Are we seriously all screwed? (credit crunch question)

Last couple of weeks the media has been sounding the end of civilization as we know it, biggest market crash since X, start of a new great depression, some even more scary shit on various blogs I’ve read. Now I’m really worried - don’t want to end up eating the family pets I’m quite fond of them. A recession I could live with, have seen those before. But are we in for something much worse that’s well outside most people’s experience? Are the various bailouts and interest rate cuts etc going to help or is that all like pissing on a burning house? How soon will be know one way or the other if this will be a footnote or chapter in the history books?

Sorry if this has been asked/answered already.
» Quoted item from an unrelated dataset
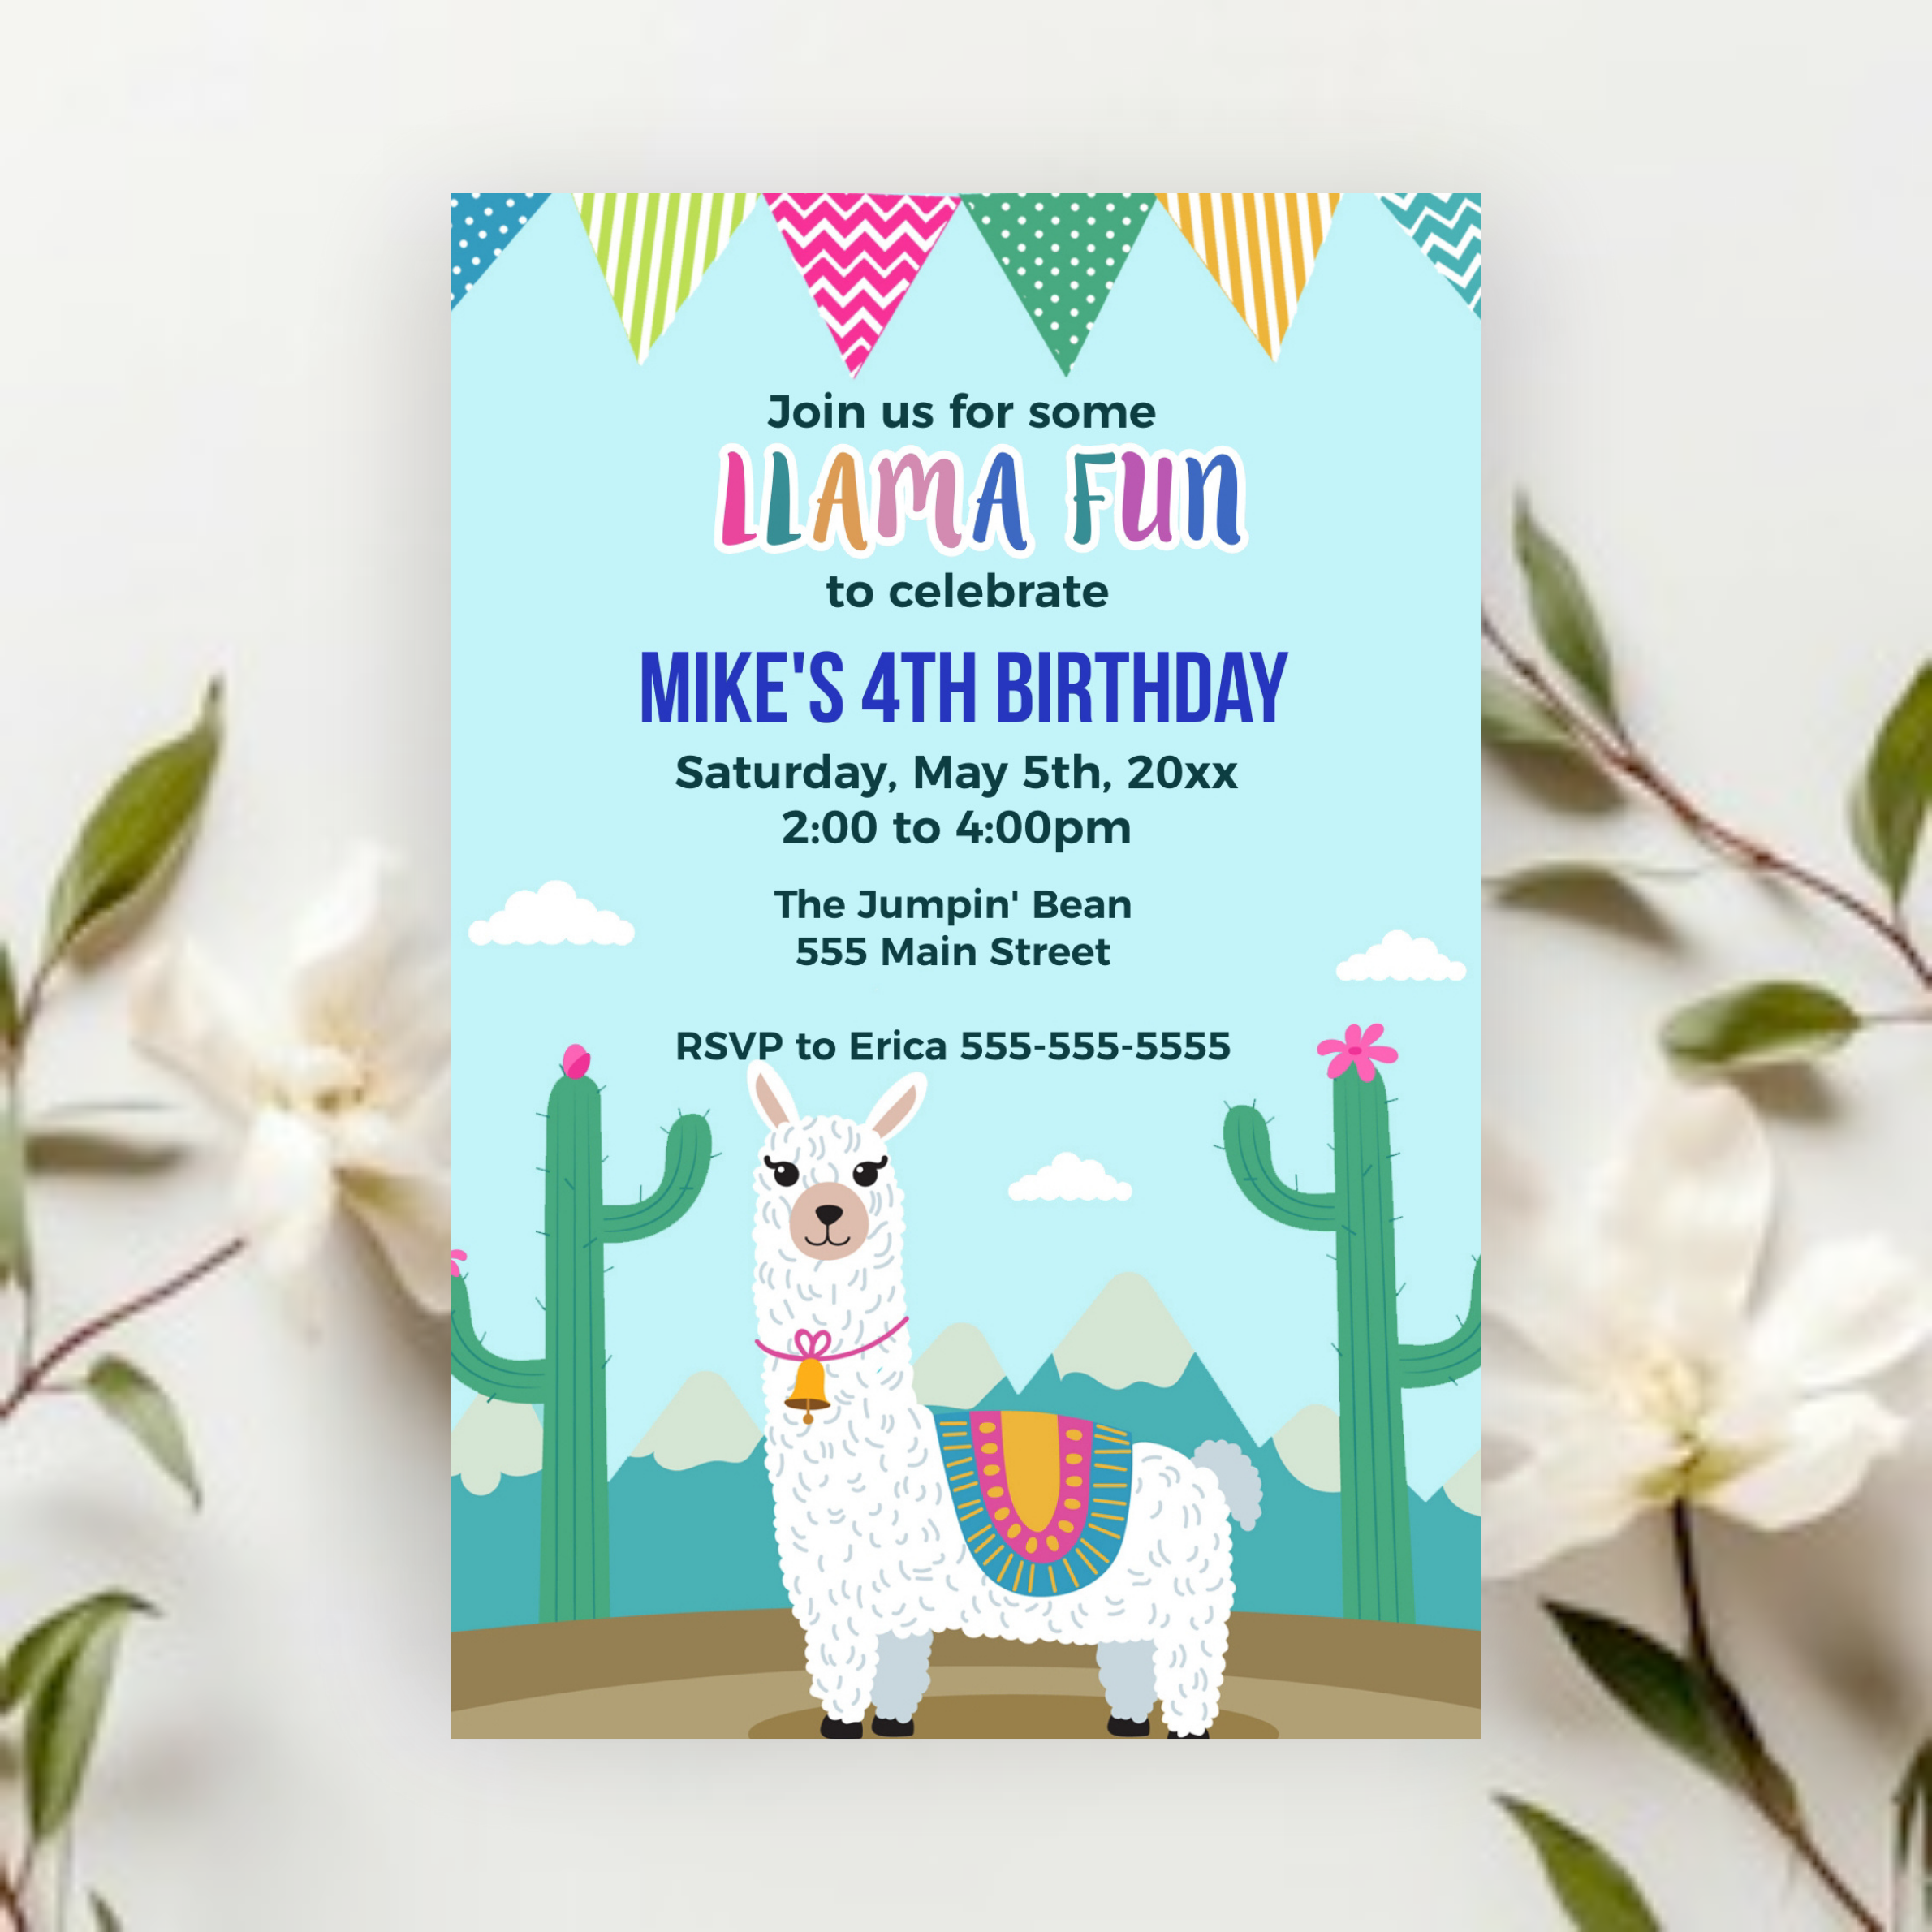 Alpaca Fun Invitation for Kids

Part of me thinks this is just the next “Big Media Scare” but this seems worse than Sars, Bird-flu,Terrorism etc…

Media loves a crisis.

It’s a chapter in the history books already with the demise of the big investment banks. It’s too soon to say exactly how it’s going to shake out, but the right people are taking steps to minimize the damage.
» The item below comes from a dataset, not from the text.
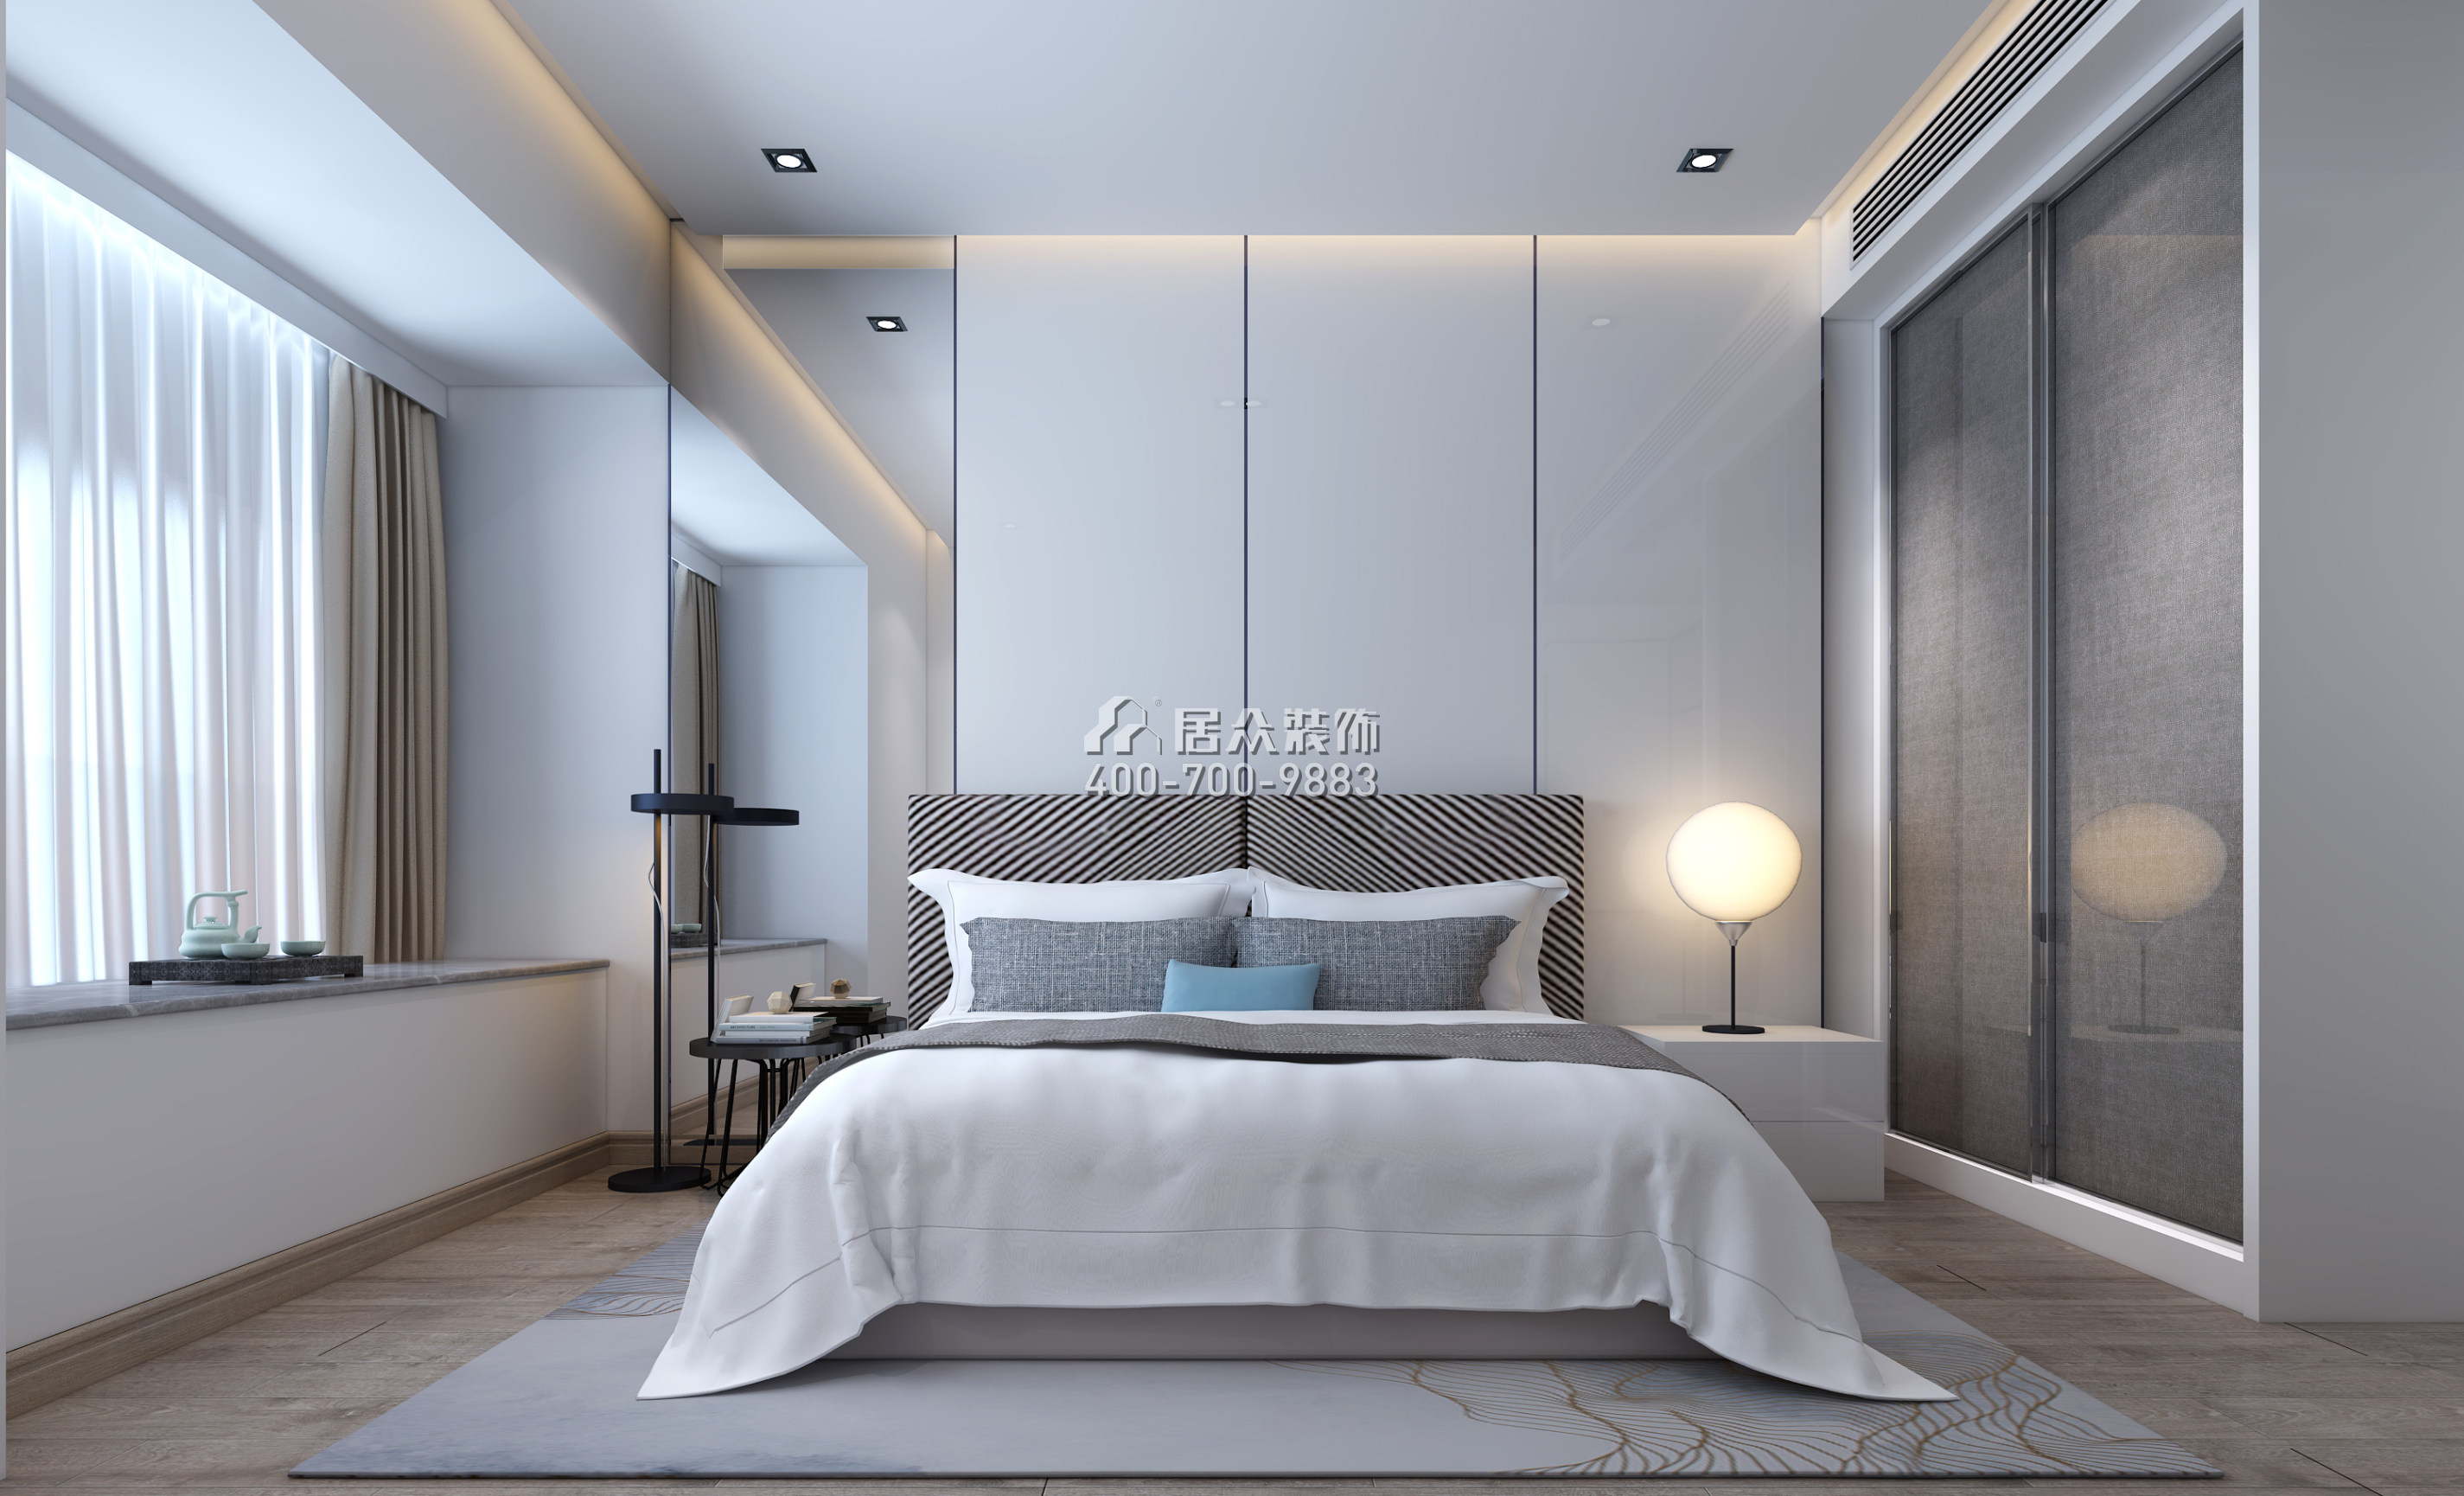 华润城389平方米现代简约风格平层户型卧室装修效果图

Well, Gulliver put out a rather nasty palace fire by doing just that - and it got him into trouble.

Personally I don’t think that the interest cuts matter a jot, but the bailouts and direct Govt intervention should do the trick. In the 1980s a good part of Western banks were technically bust after over lending to S. America etc we got over it.

Admittedly, this time there is more complexity - and panic mongering - however Govts seem determined to sort things out, rather than let nature take its course. An encouraging sign if one considers that economics degrades into mass psychology.
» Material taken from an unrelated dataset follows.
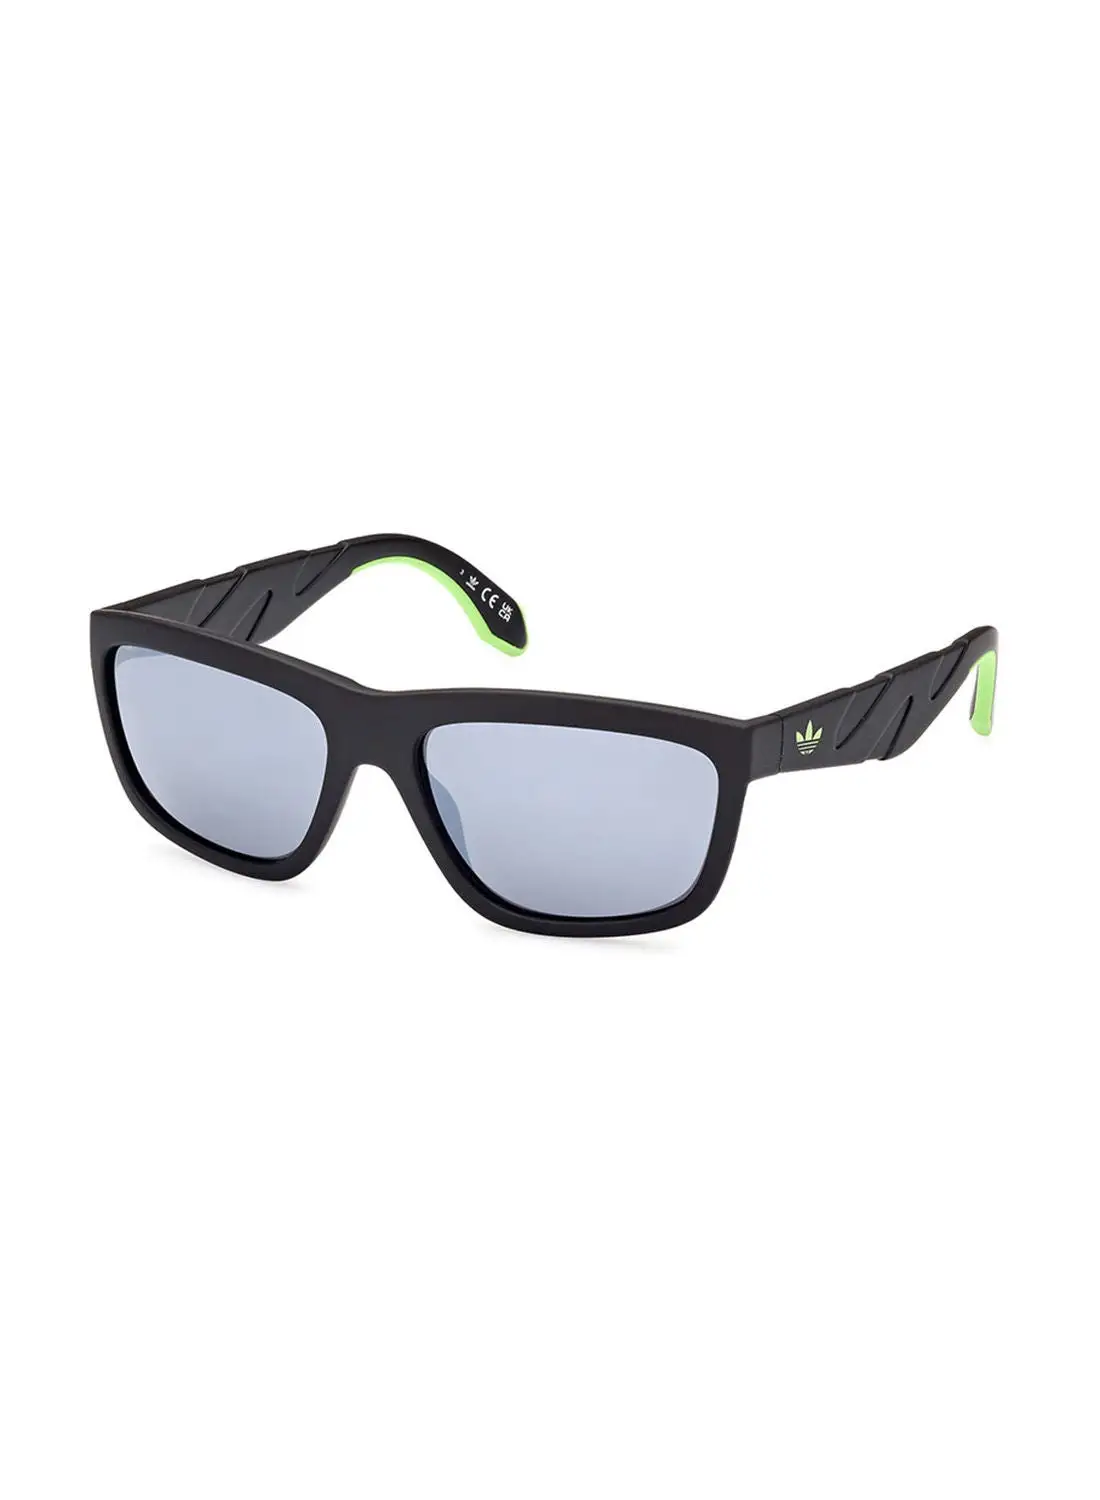 Adidas Sunglasses For Unisex OR009402C58

I just keep thinking back to the 1987 crash, and how reports at the time made it seem like the Apocalypse. In fact, life soon returned to normal .I know there is more going on this time than just a stock market crash, and I realise there were recessions in various countries a couple of years after the 1987 crash. But in the case of the British recession of 90-91, it was made worse by the government trying to keep the pound in the ERM at an unsustainable rate, with interest rates climbing to absurd levels.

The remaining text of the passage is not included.